Статья поступила 30.06.2020
Александр Люсый — известный исследователь в области гуманитарных наук, филолог, культуролог, литературный критик, философ, автор девяти книг, сотен статей и рецензий, член Союза российских писателей [5], Международной федерации журналистов, лауреат нескольких литературных конкурсов и премий [4, с. 210]. В должности профессора А.П. Люсый преподает в Институте кино и телевидения (ГИТР), и его новая книга «Русская литература как система локальных текстов» [3] представлена как учебное пособие для студентов, аспирантов и преподавателей гуманитарных факультетов.

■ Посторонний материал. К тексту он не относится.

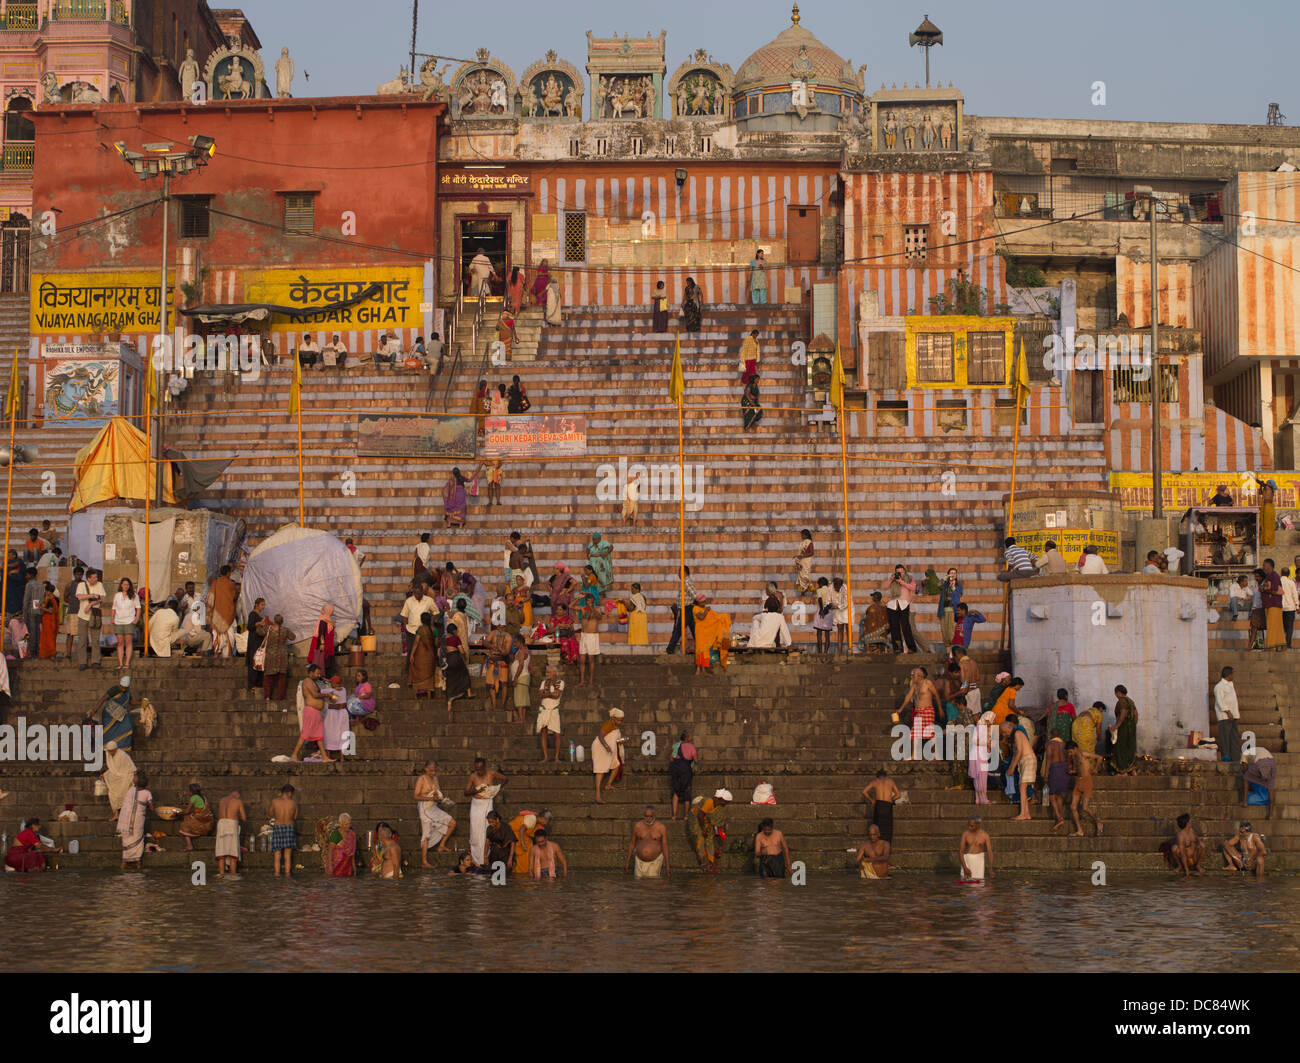 Bade- und Reinigung in den Ganges in der Morgendämmerung - Varanasi, Indien. Studien haben hohe Verschmutzung - fäkale Coliform berichtet. Stockfoto
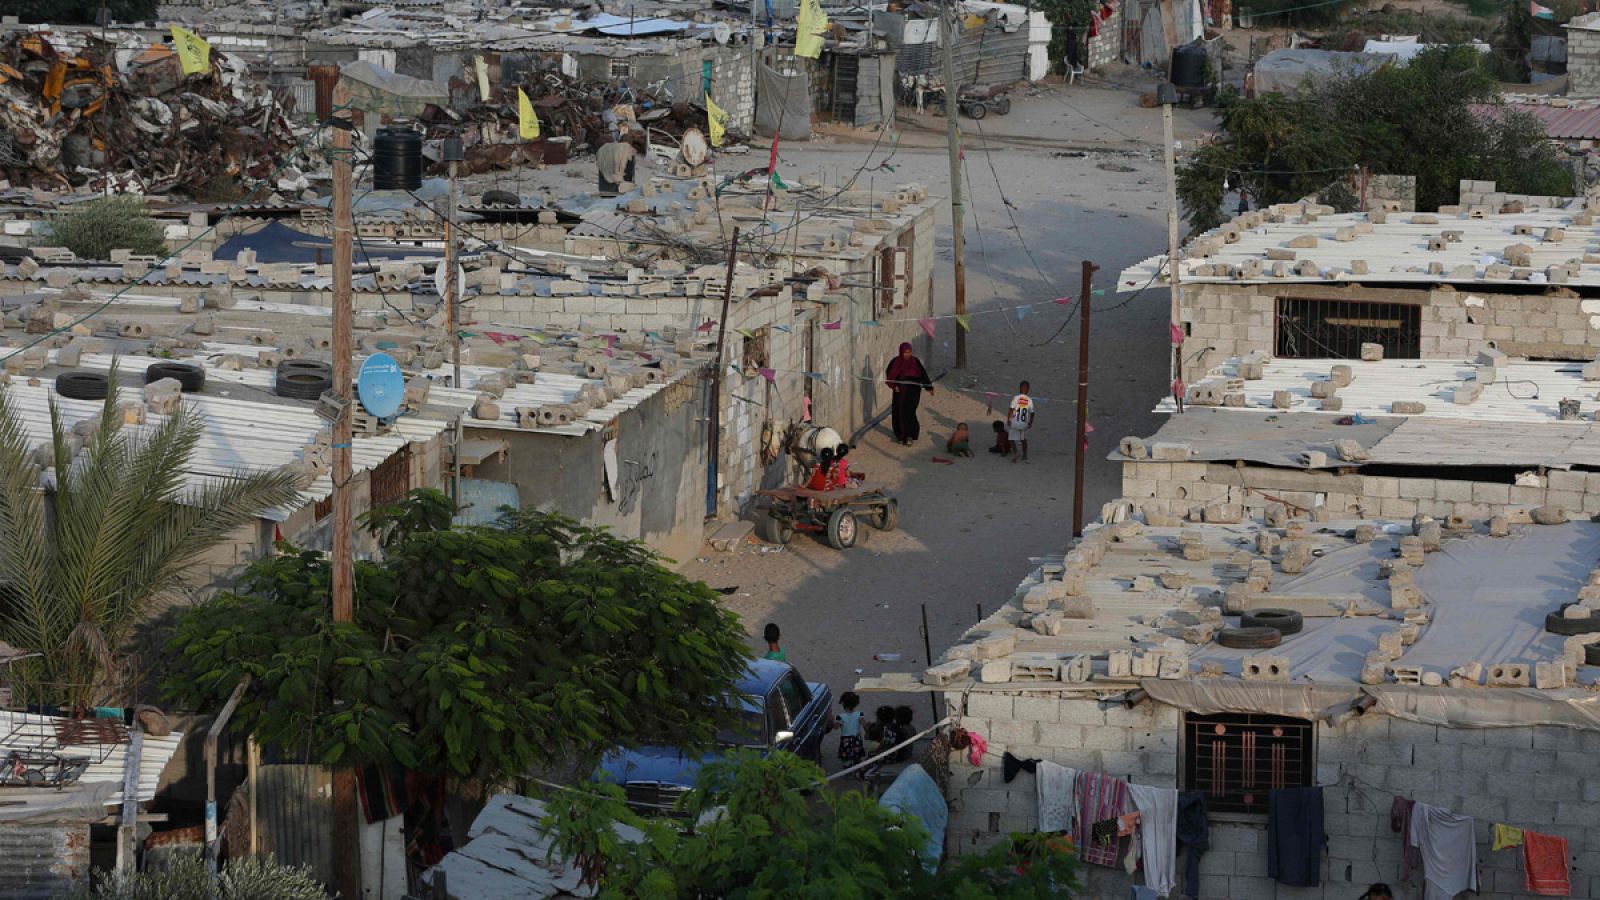 Vista general de un barrio empobrecido en el campo de refugiados Khan Younis al sur de la Franja de Gaza

Однако для читателей его книги будет очевидно, что прикладной функционал не снижает высокого теоретического уровня книги, а как бы подчеркивает доступность изложения и востребованность в современной науке. Эта востребованность обусловлена тем, что книга А.П. Люсого посвящена анализу «культурных текстов» в постсемиотической перспективе, которую сам автор называет «посттопоровская перспектива», как бы подчеркивая, что исходной точкой его исследования является концепция русского и советского теоретика В.Н. Топорова, одного из основателей московско-тартуской семиотической школы, создателя концепта «петербургский текст» [6].
Напомню, что концепт «петербургский текст», сформулированный В. Топоровым, был введен в гуманитарный дискурс как семиотическая модель, целостное «мифопорождающее устройство», которое генерирует экзистенциальные смыслы, символы, знаки и идентичности. Согласно Топорову, ядро «петербургского текста» составляют произведения А.С. Пушкина («Медный всадник», «Пиковая дама»), Н.В. Гоголя («Петербургские повести»), Ф.М. Достоевского («Бедные люди», «Преступление и наказание», «Идиот», «Подросток»), А.А. Блока и др. Из литературных сюжетов я вижу возможным выделить несколько наиболее характерных для «петербургского текста»: апокалиптический мотив города, построенного на границе культуры и цивилизации; миф о Петре, создателе города и империи; мотив богоборчества и тирании власти (пушкинский Евгений в «Медном всаднике»); мотив феникса (смерть и возрождение города); мотив безумия («Записки сумасшедшего» Гоголя); мотив призрачного и «коварного» города («Невский проспект» Гоголя); мотив противопоставления Петербурга и Москвы; мотив петербургской «машинерии» («Нос» Гоголя) и др. Эти мотивы, повторяясь и трансформируясь в разных произведениях, образуют своего рода «сверхтекст» и «миромоделирующее устройство», которое производит новые образы и смыслы «петербургского мифа» как символа империи, как модели глубинного самосознания и культурного самоописания.